> EXERCISE: Leaving the pictures aside, restate all of the data exactly.

> DATASET EXTRACT:
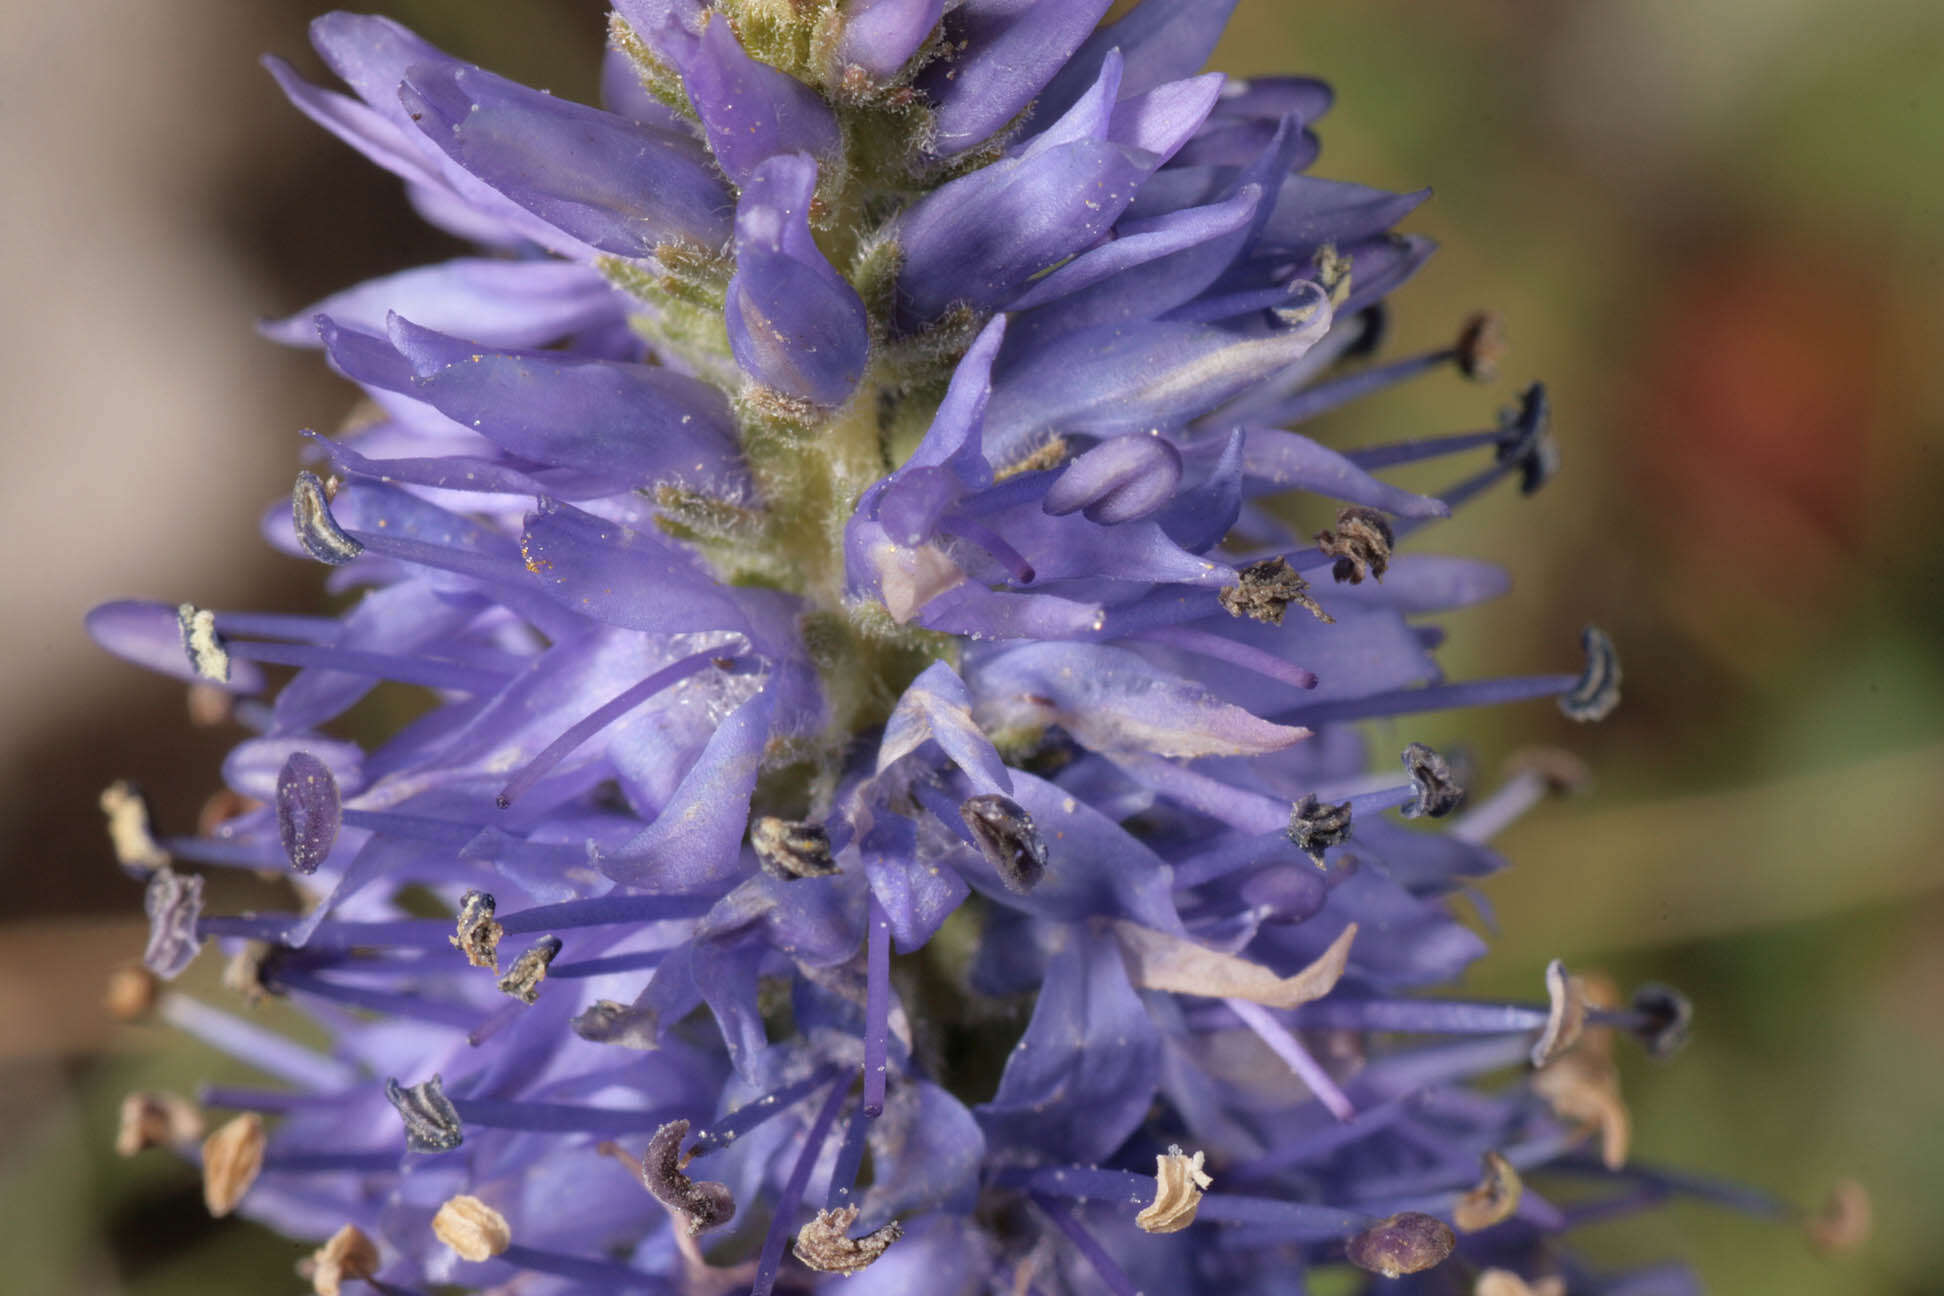 Image of spiked speedwell
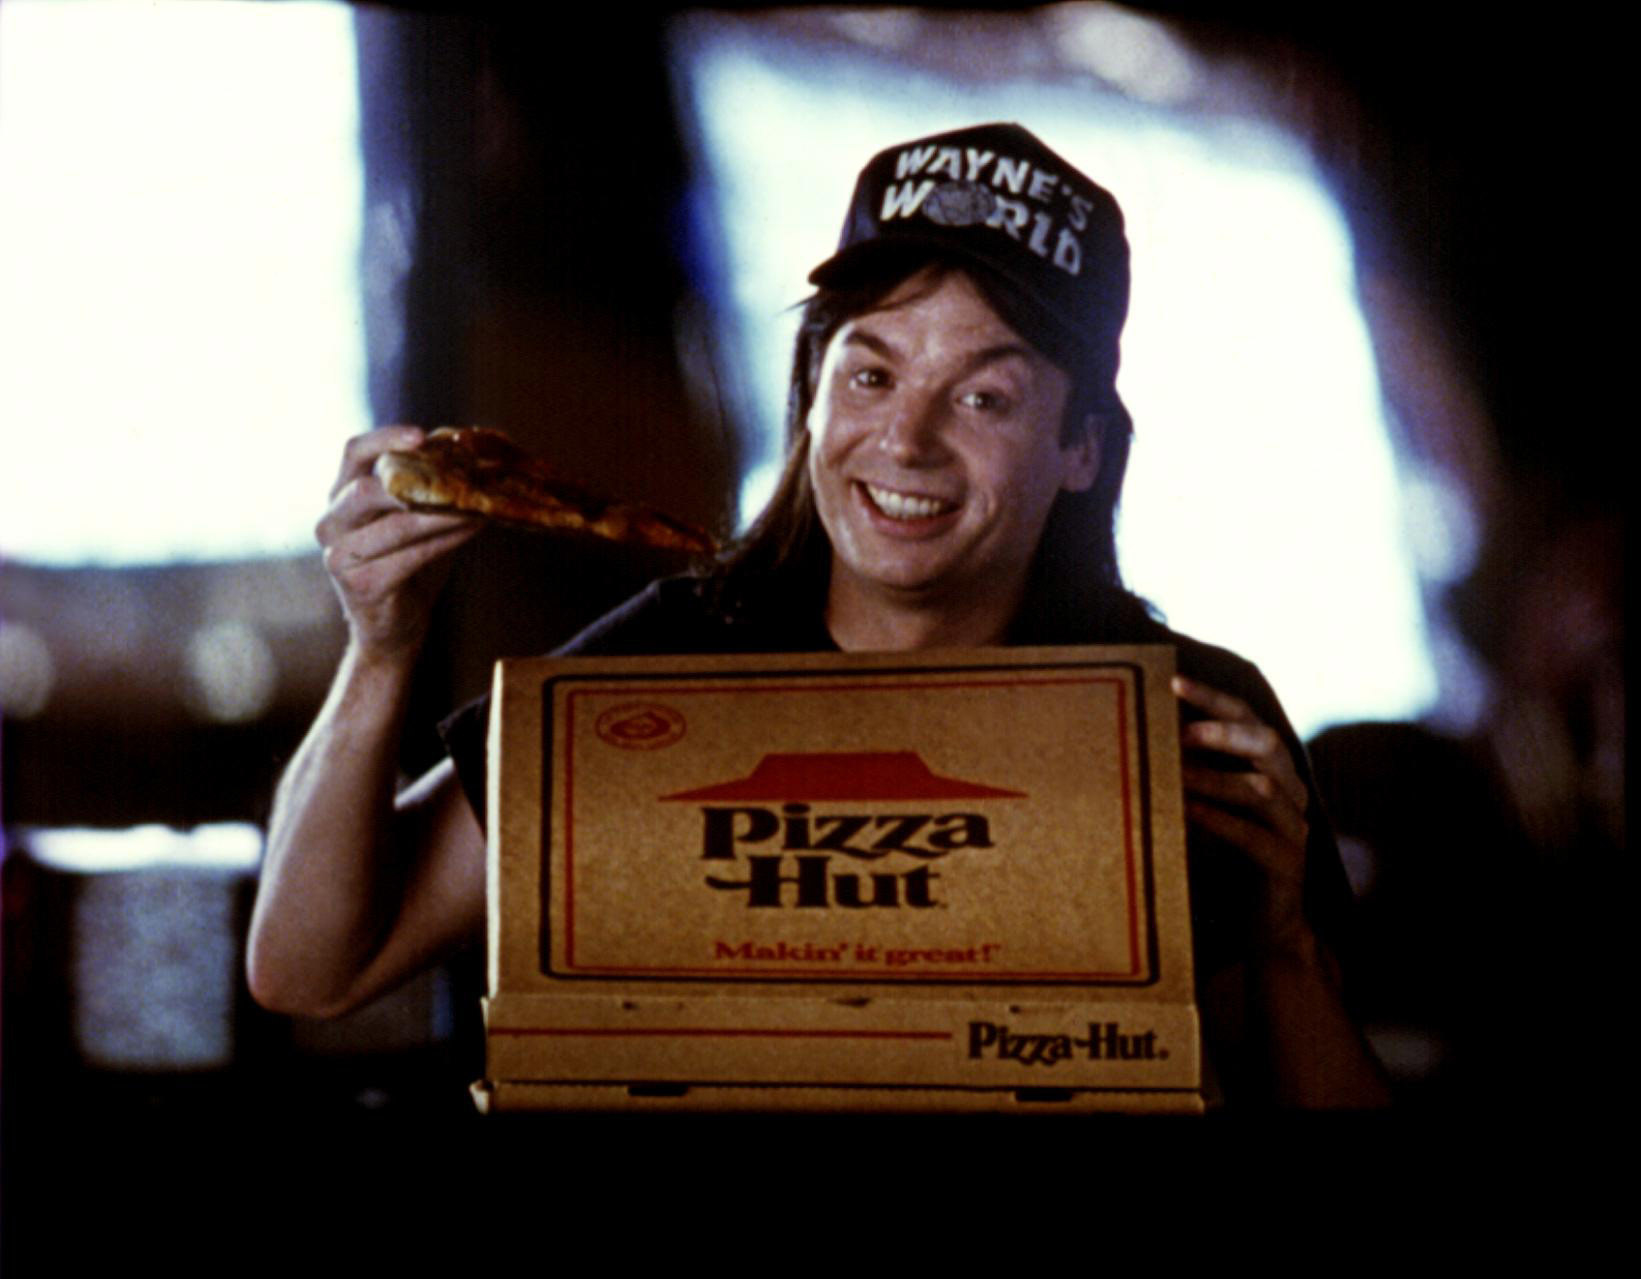 Wayne eating a slice of pizza from a Pizza Hut box and smiling
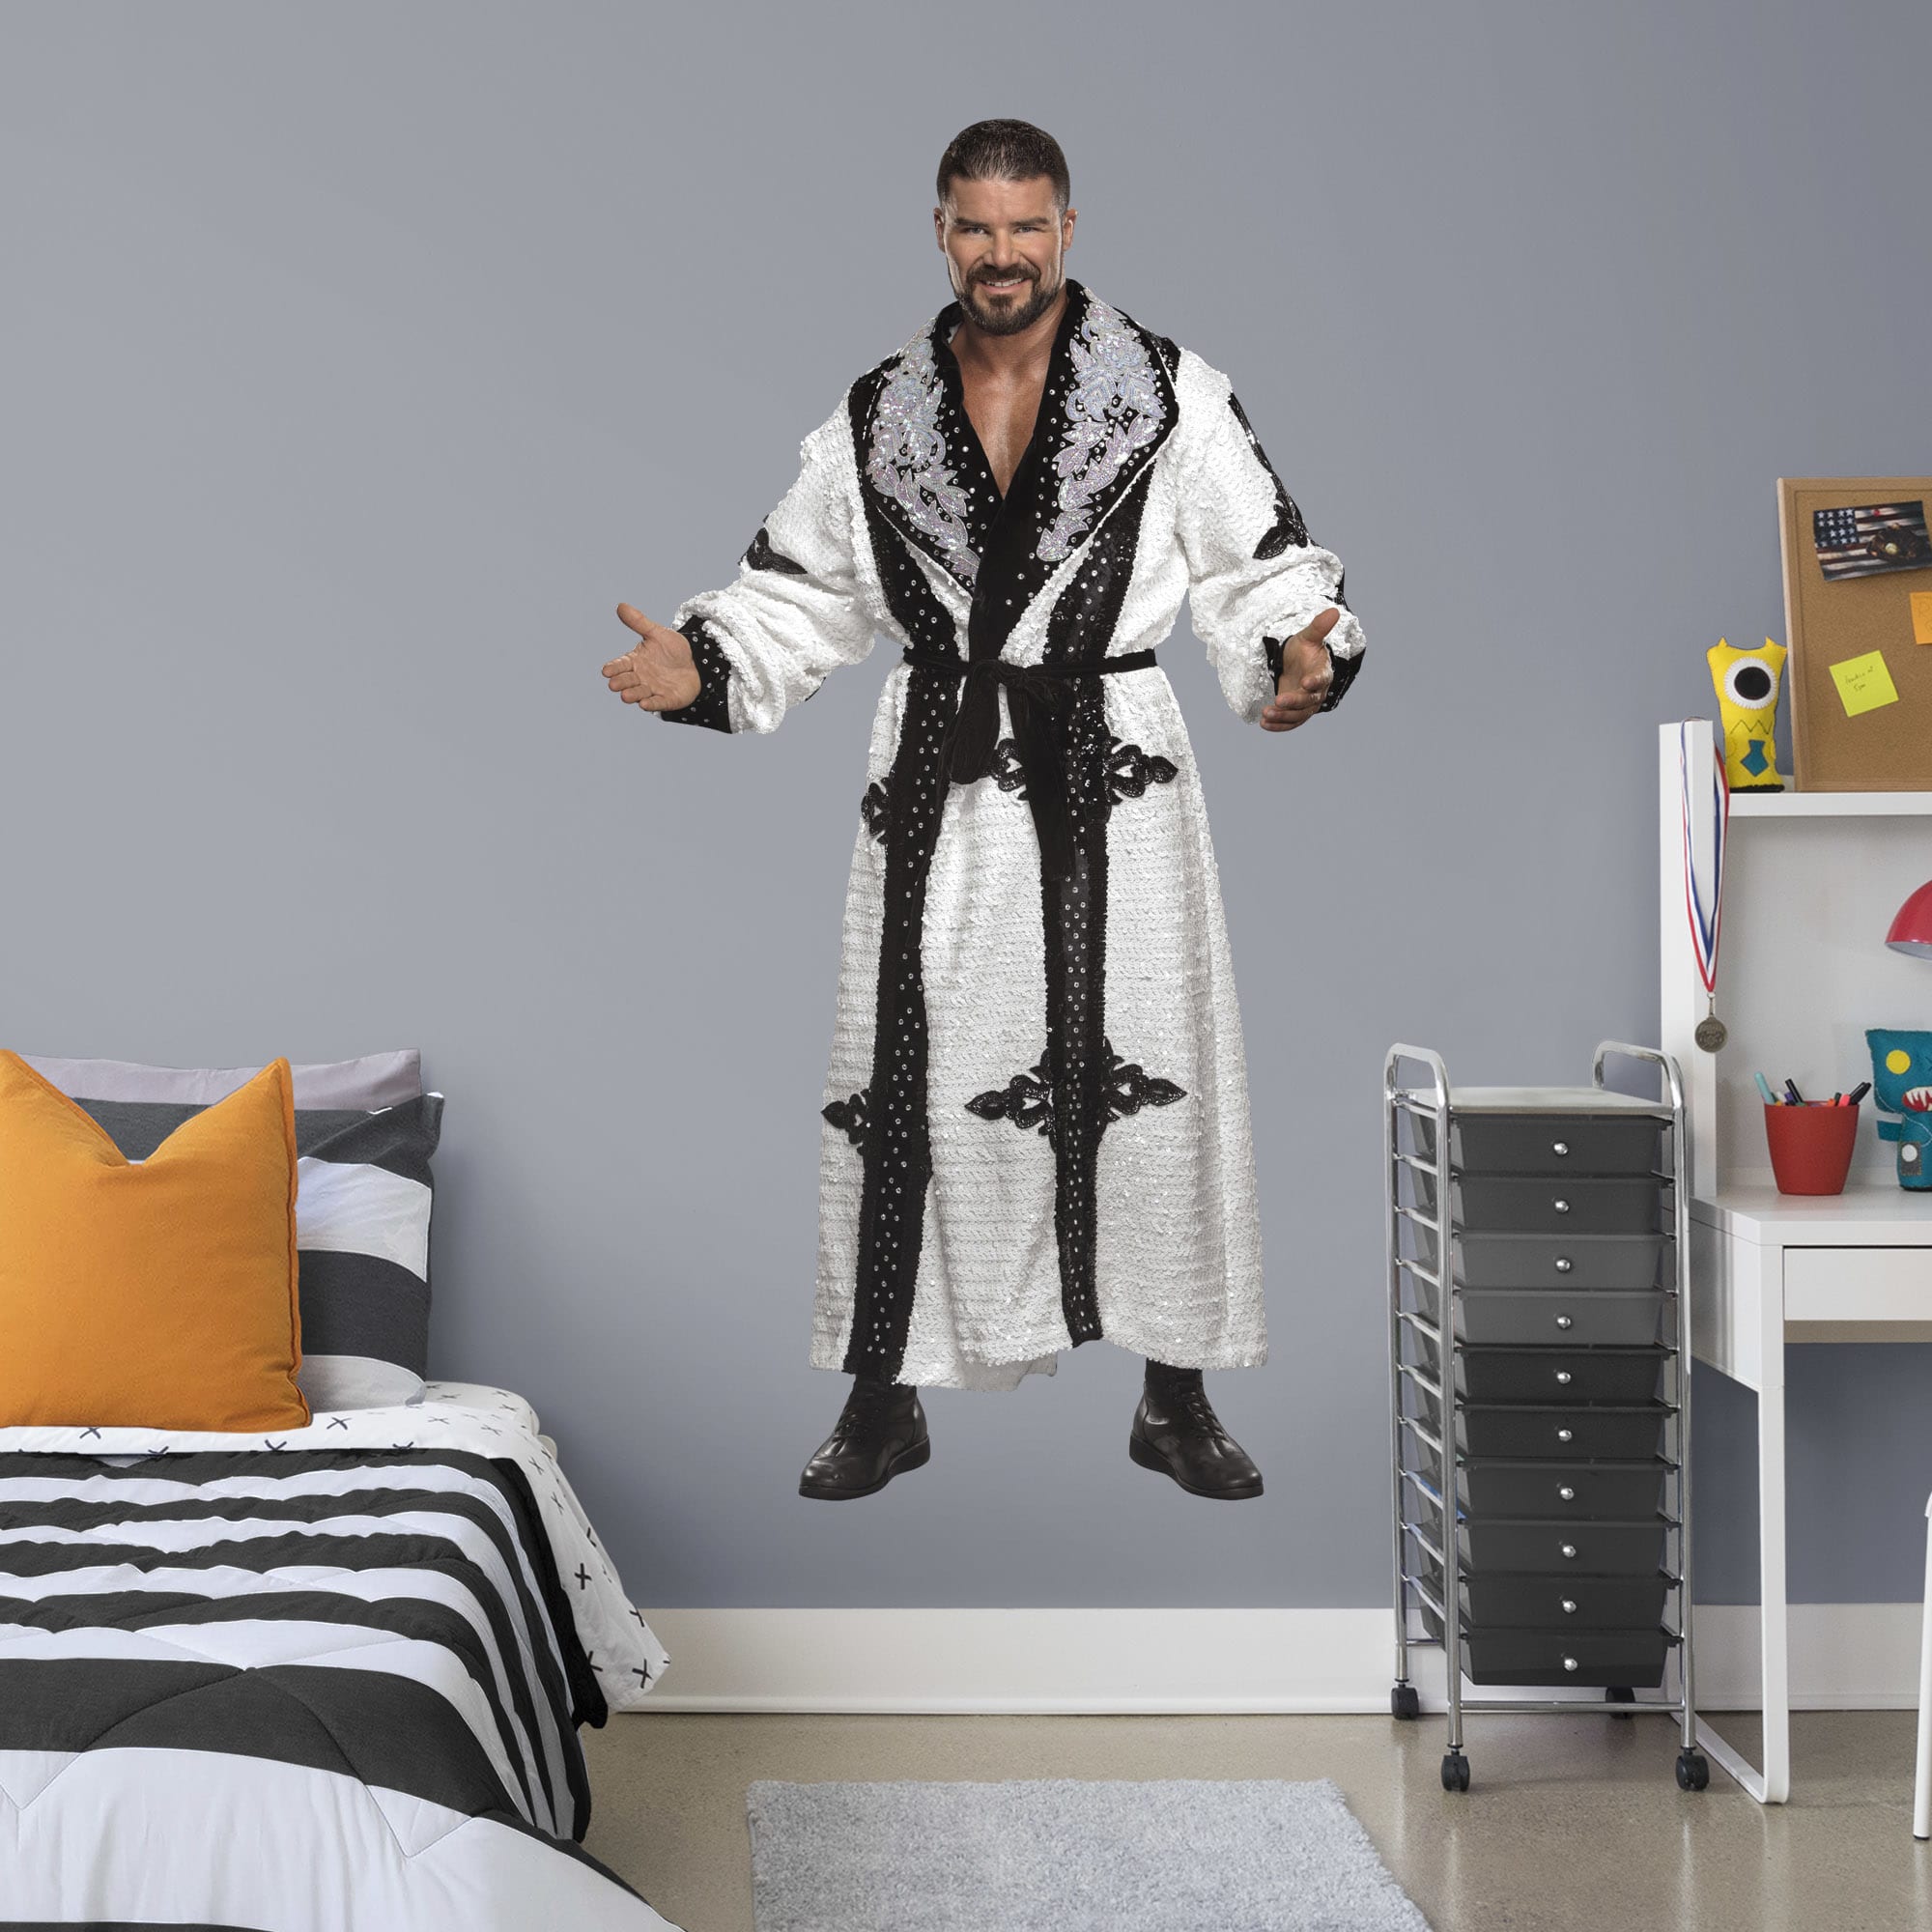 Bobby Roode for WWE - Officially Licensed Removable Wall Decal Life-Size Superstar + 2 Decals (43"W x 78"H) by Fathead | Vinyl

> RESULT FOR THIS TASK:
 Image of spiked speedwell
 Wayne eating a slice of pizza from a Pizza Hut box and smiling
 Bobby Roode for WWE - Officially Licensed Removable Wall Decal Life-Size Superstar + 2 Decals (43"W x 78"H) by Fathead | Vinyl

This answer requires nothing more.